=== Section Start ===
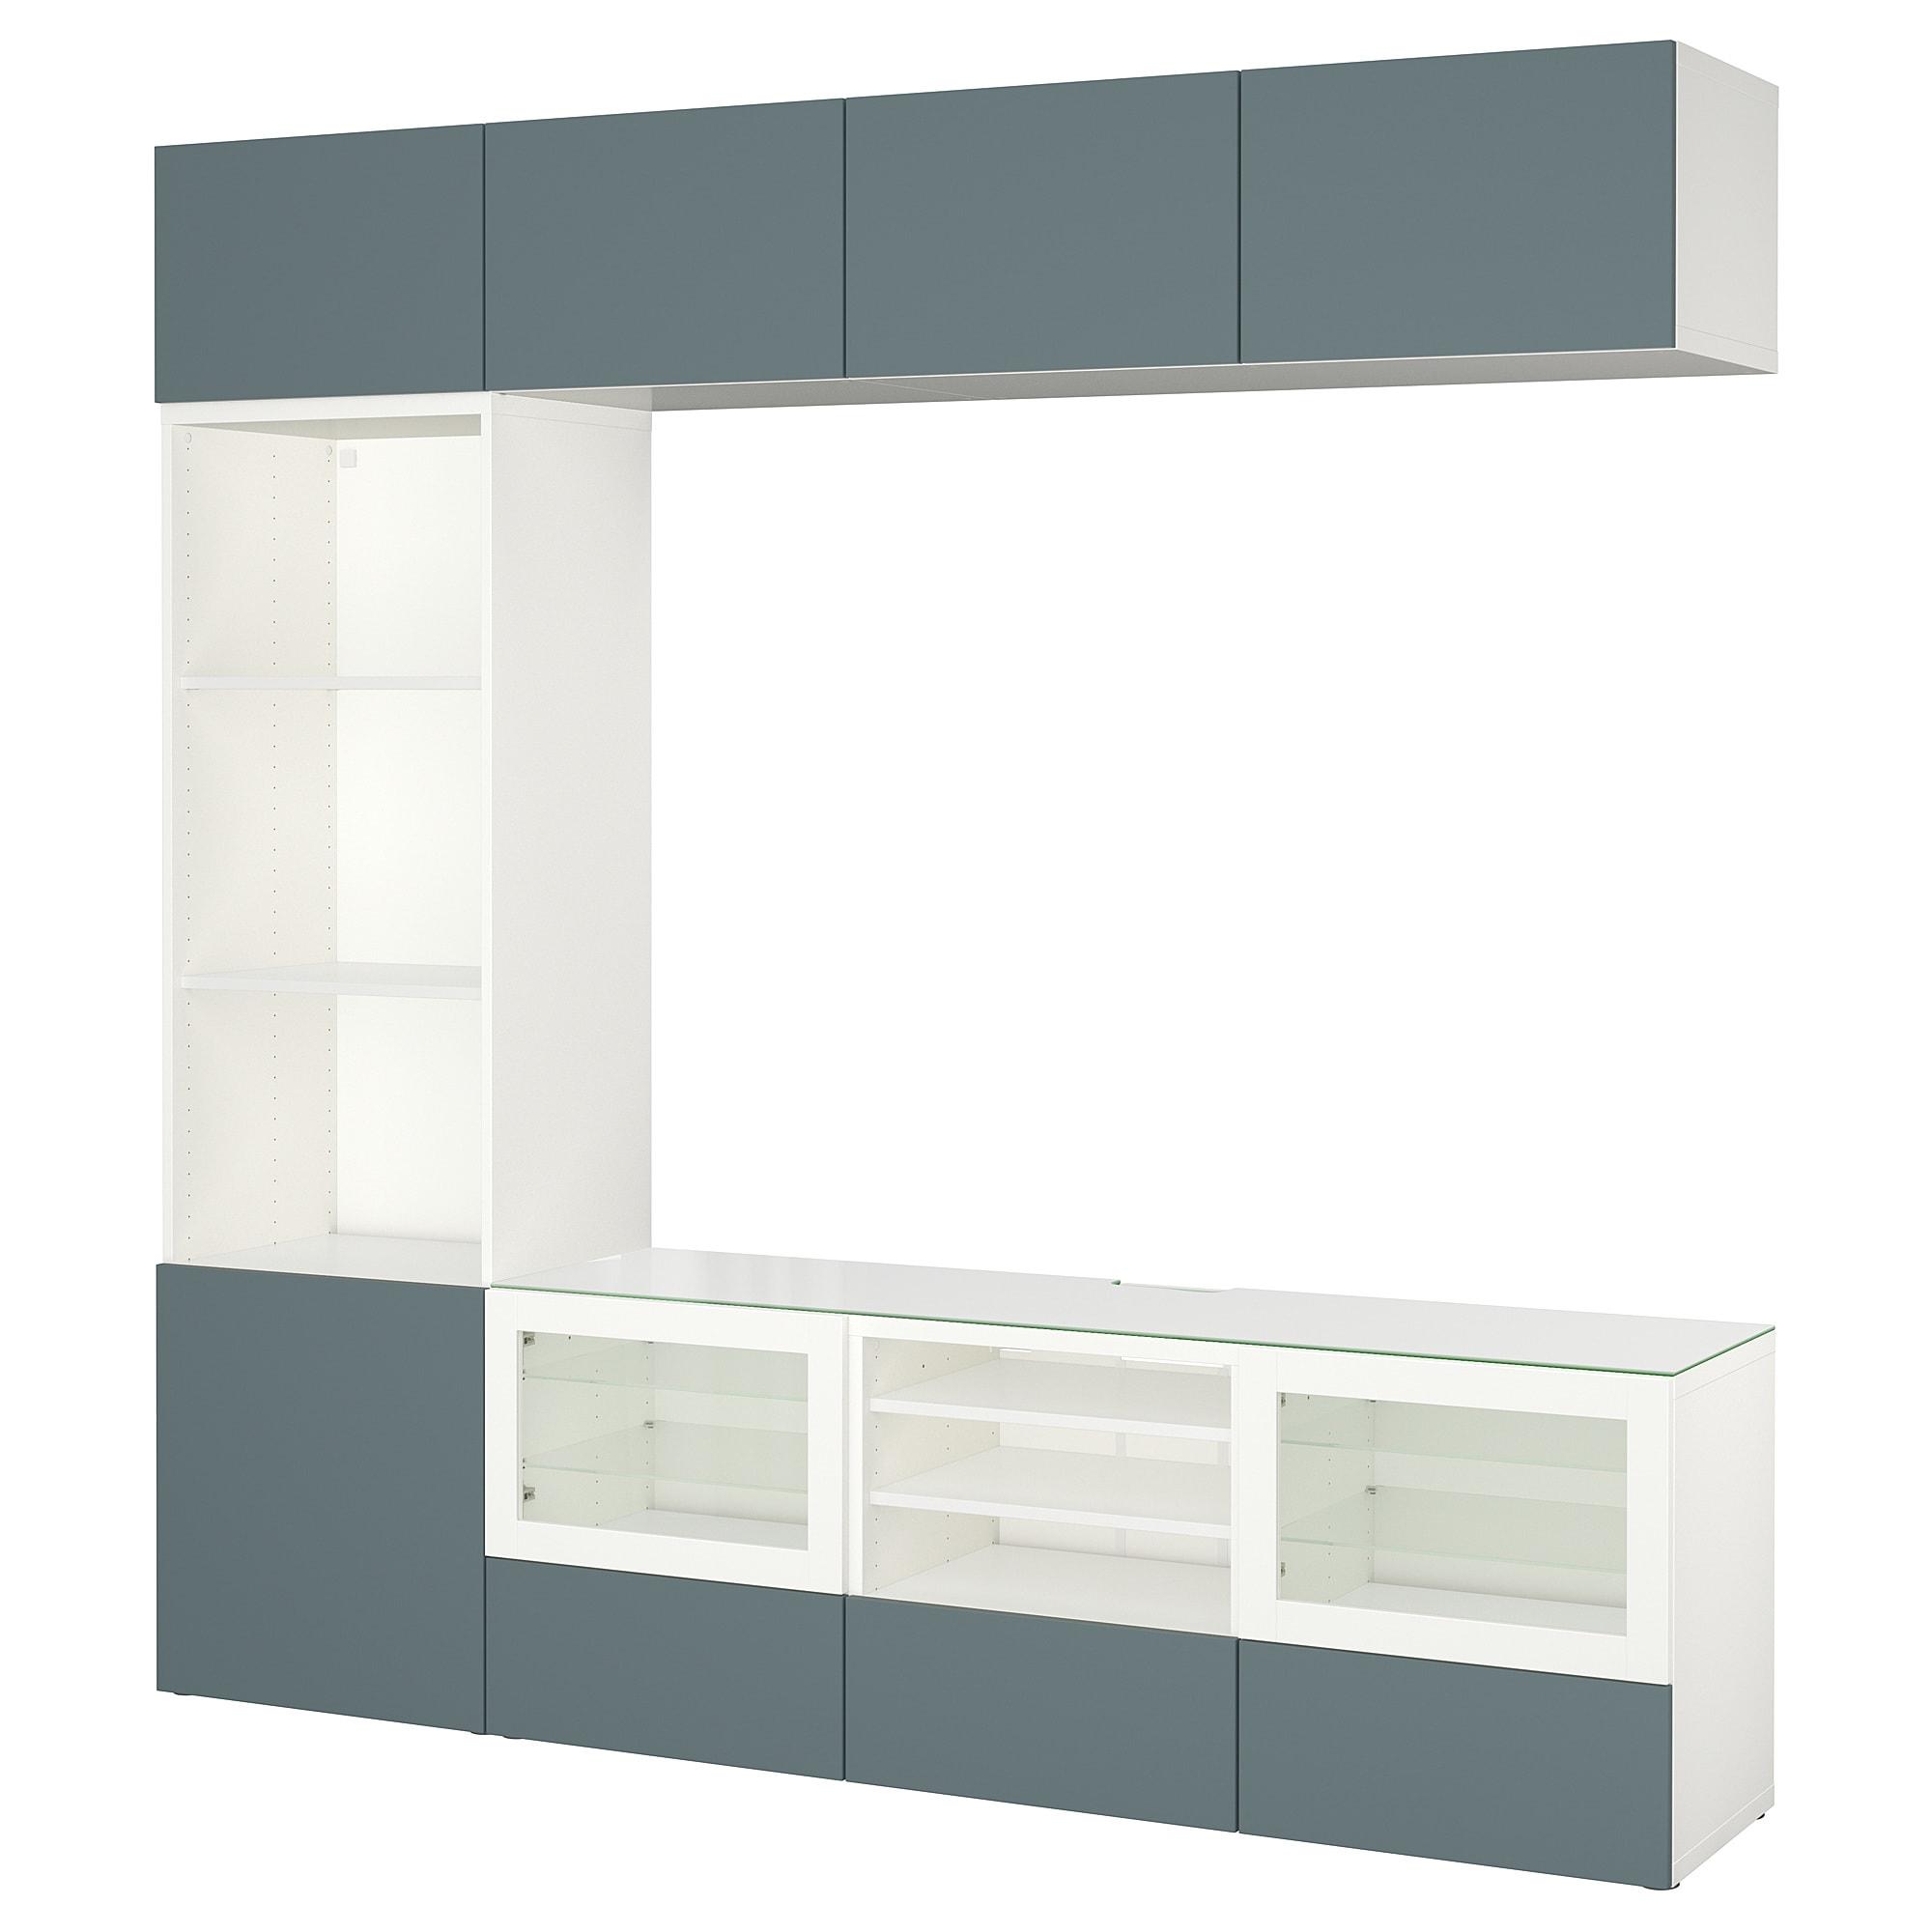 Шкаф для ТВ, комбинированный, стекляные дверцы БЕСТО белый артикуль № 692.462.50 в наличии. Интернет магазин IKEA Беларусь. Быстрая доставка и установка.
=== Section End ===
=== Section Start ===
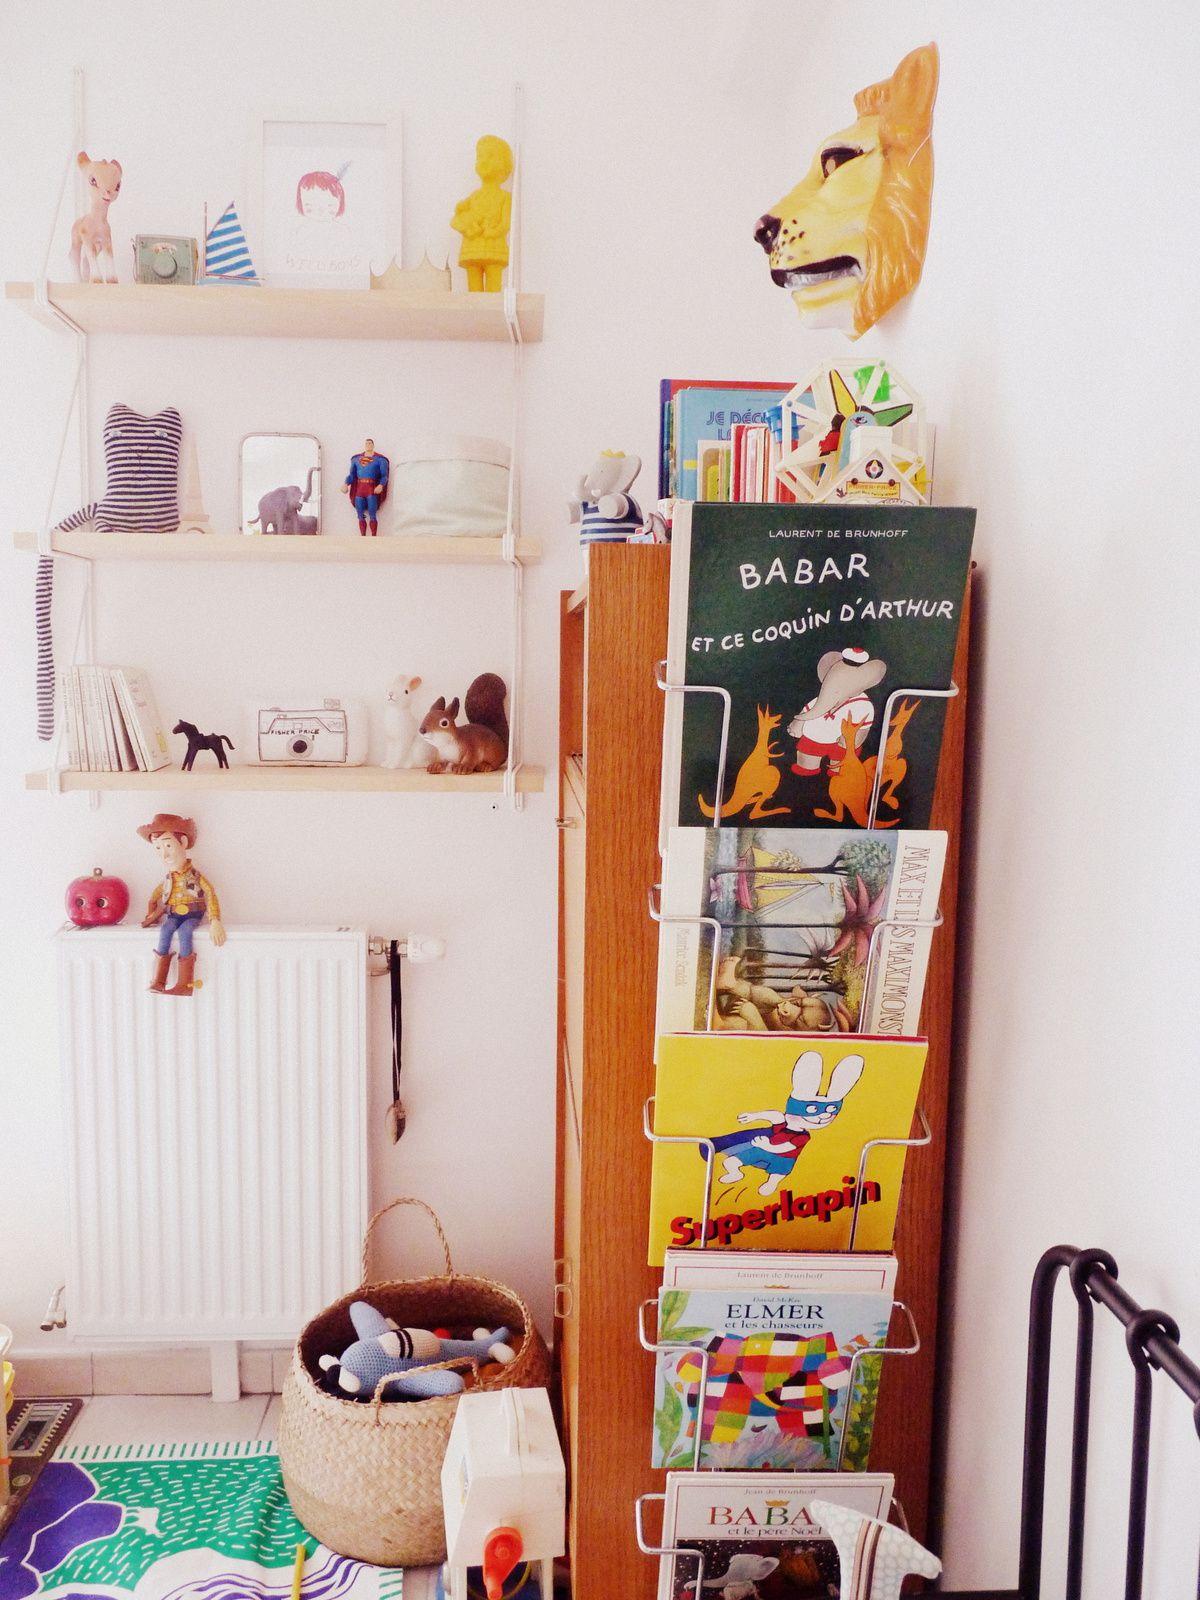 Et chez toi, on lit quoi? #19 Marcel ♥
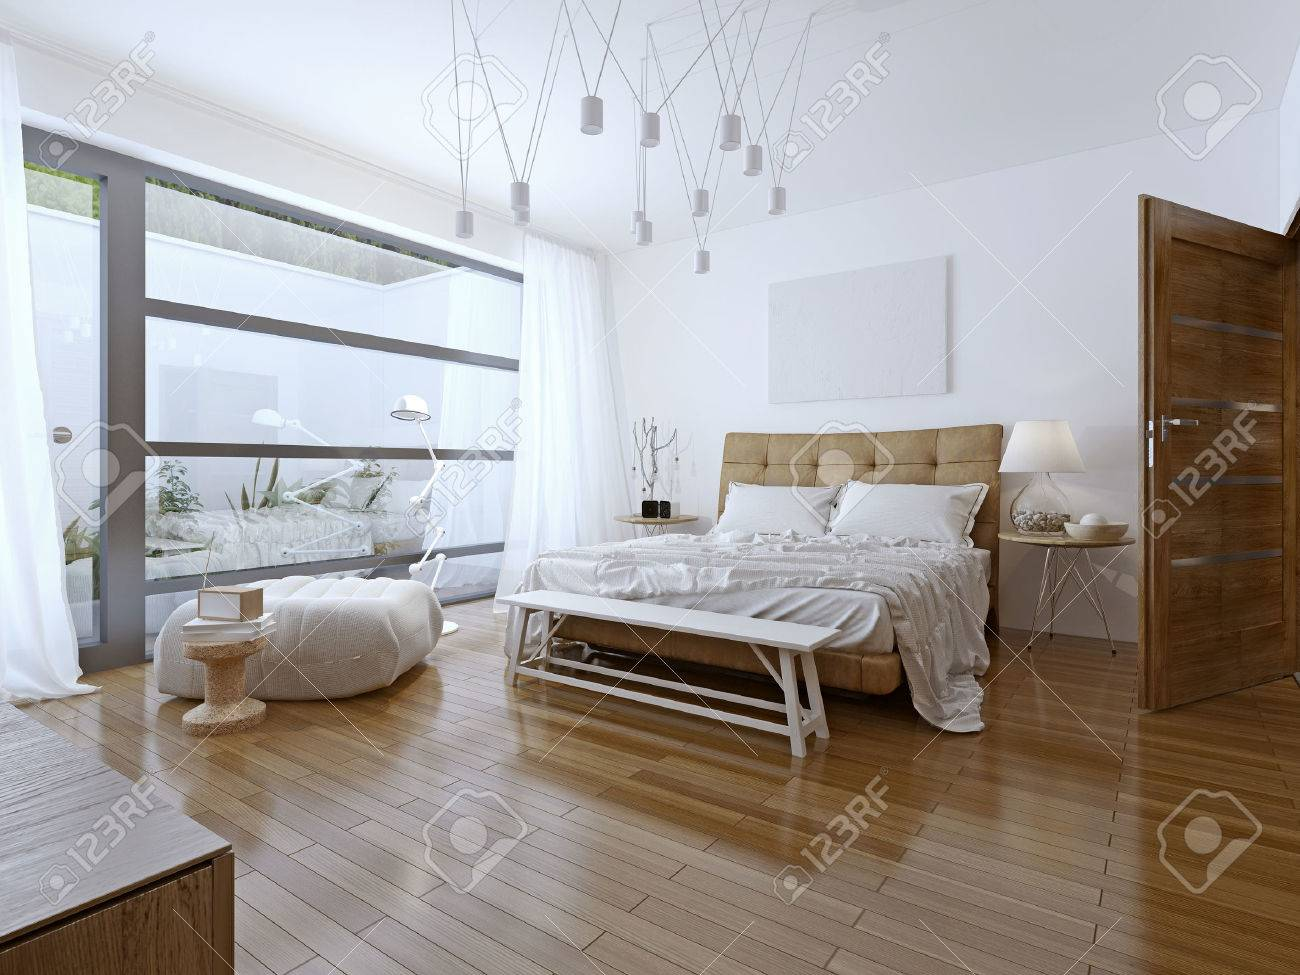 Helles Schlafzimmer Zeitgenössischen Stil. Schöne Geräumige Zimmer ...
=== Section End ===
◆ REQUIRED WORK
Above are some entries; copy exactly the lines from the line with "Et chez toi, on lit quoi? #19 Marcel ♥" through the line with "Helles Schlafzimmer Zeitgenössischen", both included, but none of the pictures.

◆ SOLUTION
 Et chez toi, on lit quoi? #19 Marcel ♥
 Helles Schlafzimmer Zeitgenössischen Stil. Schöne Geräumige Zimmer ...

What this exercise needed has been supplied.